This calls for a word-for-word copy of all the data, with each picture removed.

PROVIDED MATERIAL »
****************************************

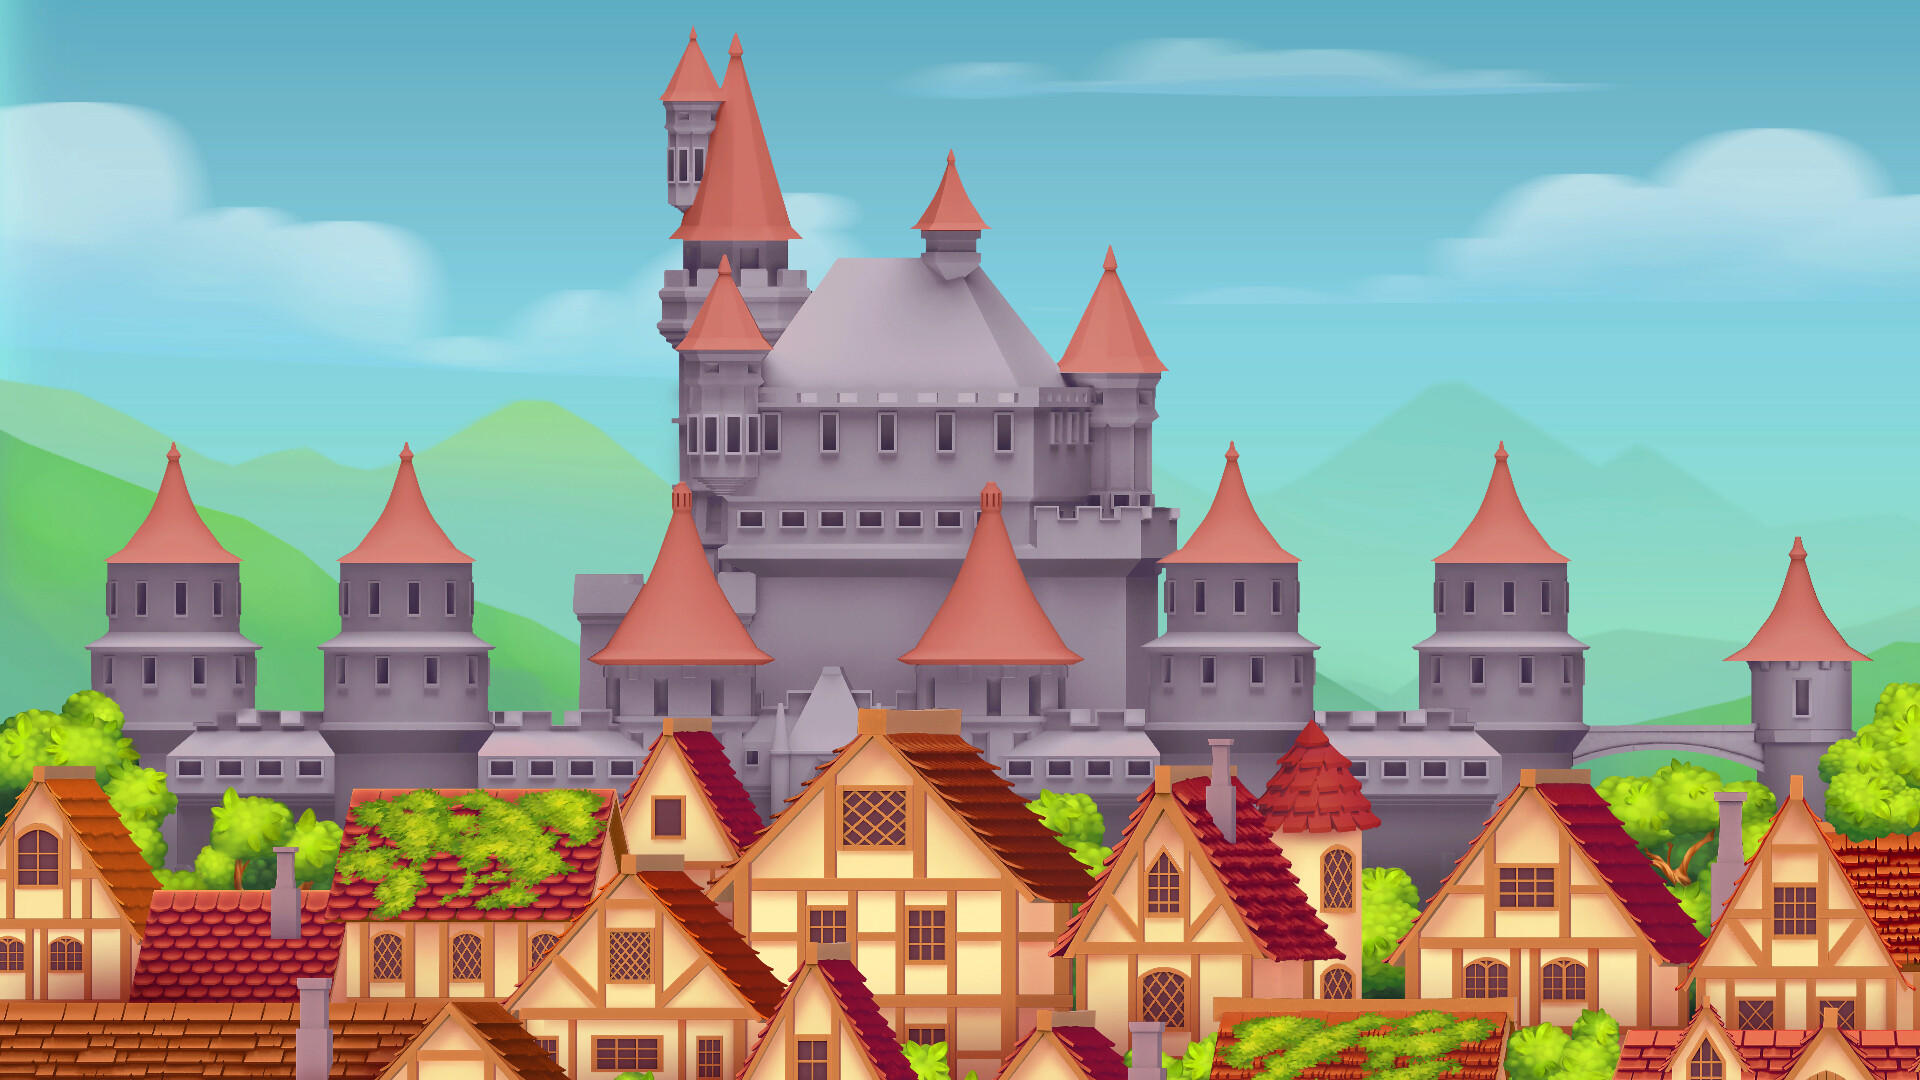 Cat Search in Medieval Times screenshot game
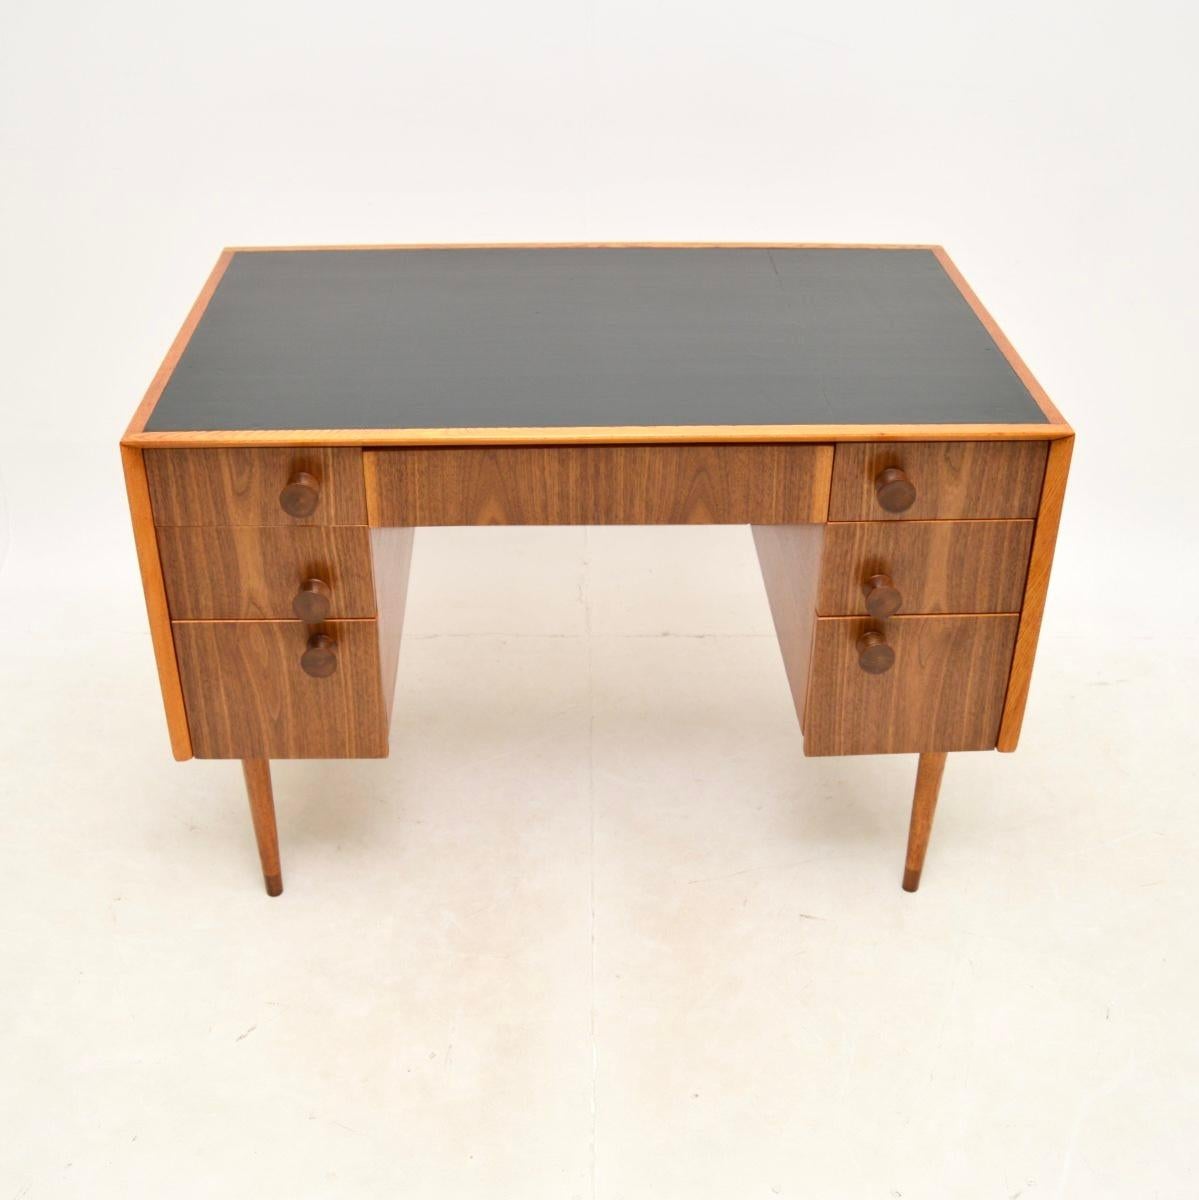 A very stylish and well made vintage walnut and oak leather top desk. This was made in England, it dates from around the 1950-60’s.

It is beautifully designed and is of superb quality, the oak carcass has exposed dovetailed joints at the top edges,
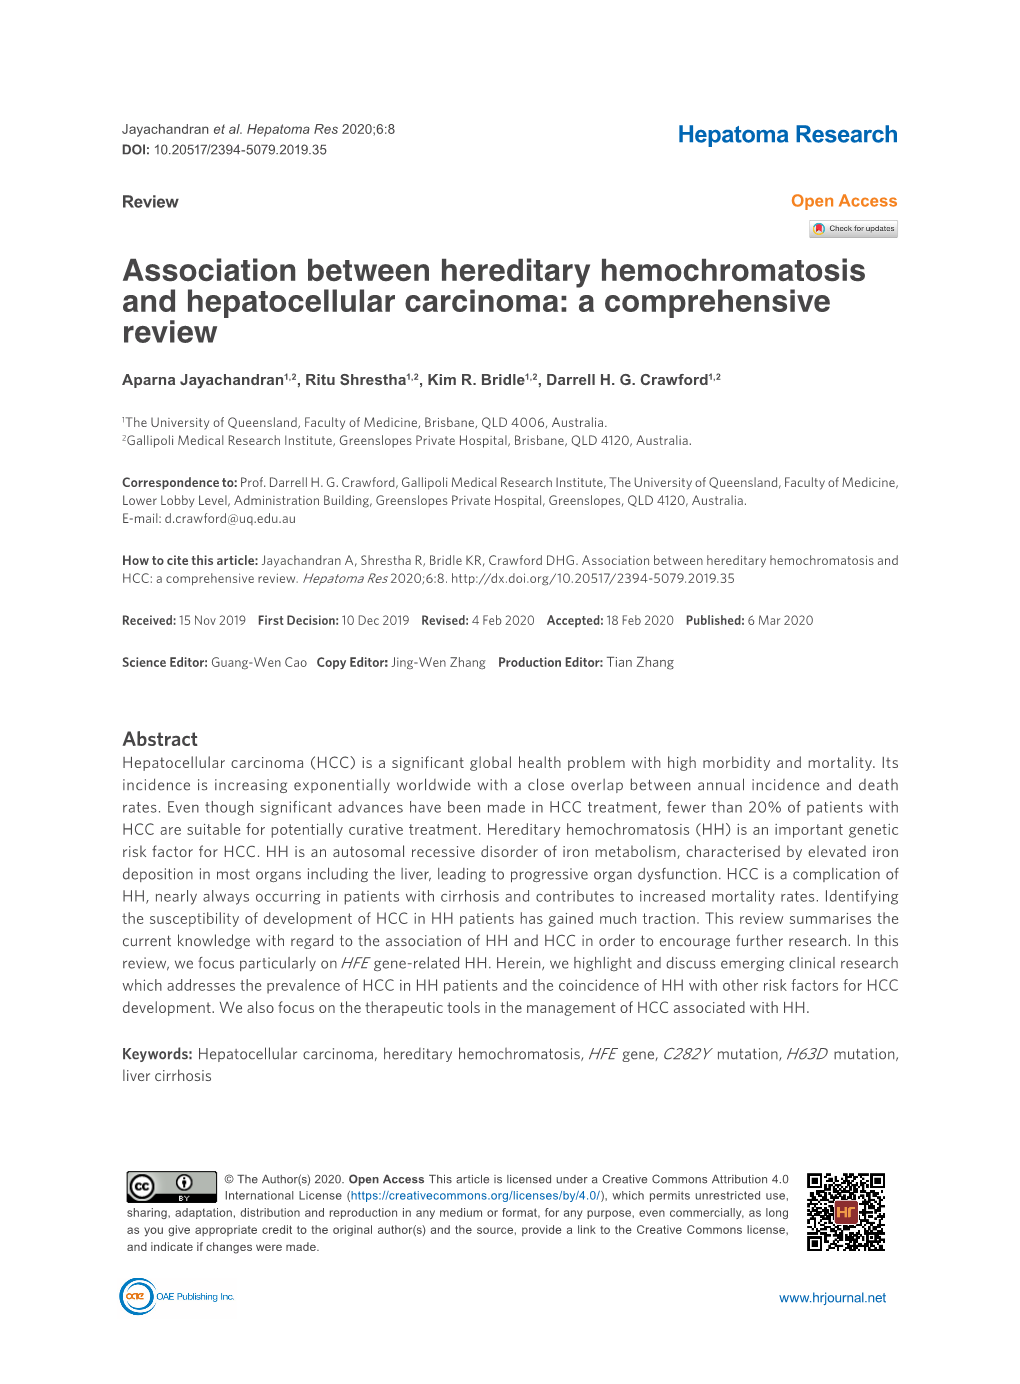 Association Between Hereditary Hemochromatosis and Hepatocellular Carcinoma: a Comprehensive Review

****************************************

RESULT BELOW »
 Cat Search in Medieval Times screenshot game
 A very stylish and well made vintage walnut and oak leather top desk. This was made in England, it dates from around the 1950-60’s.

It is beautifully designed and is of superb quality, the oak carcass has exposed dovetailed joints at the top edges,
 Association Between Hereditary Hemochromatosis and Hepatocellular Carcinoma: a Comprehensive Review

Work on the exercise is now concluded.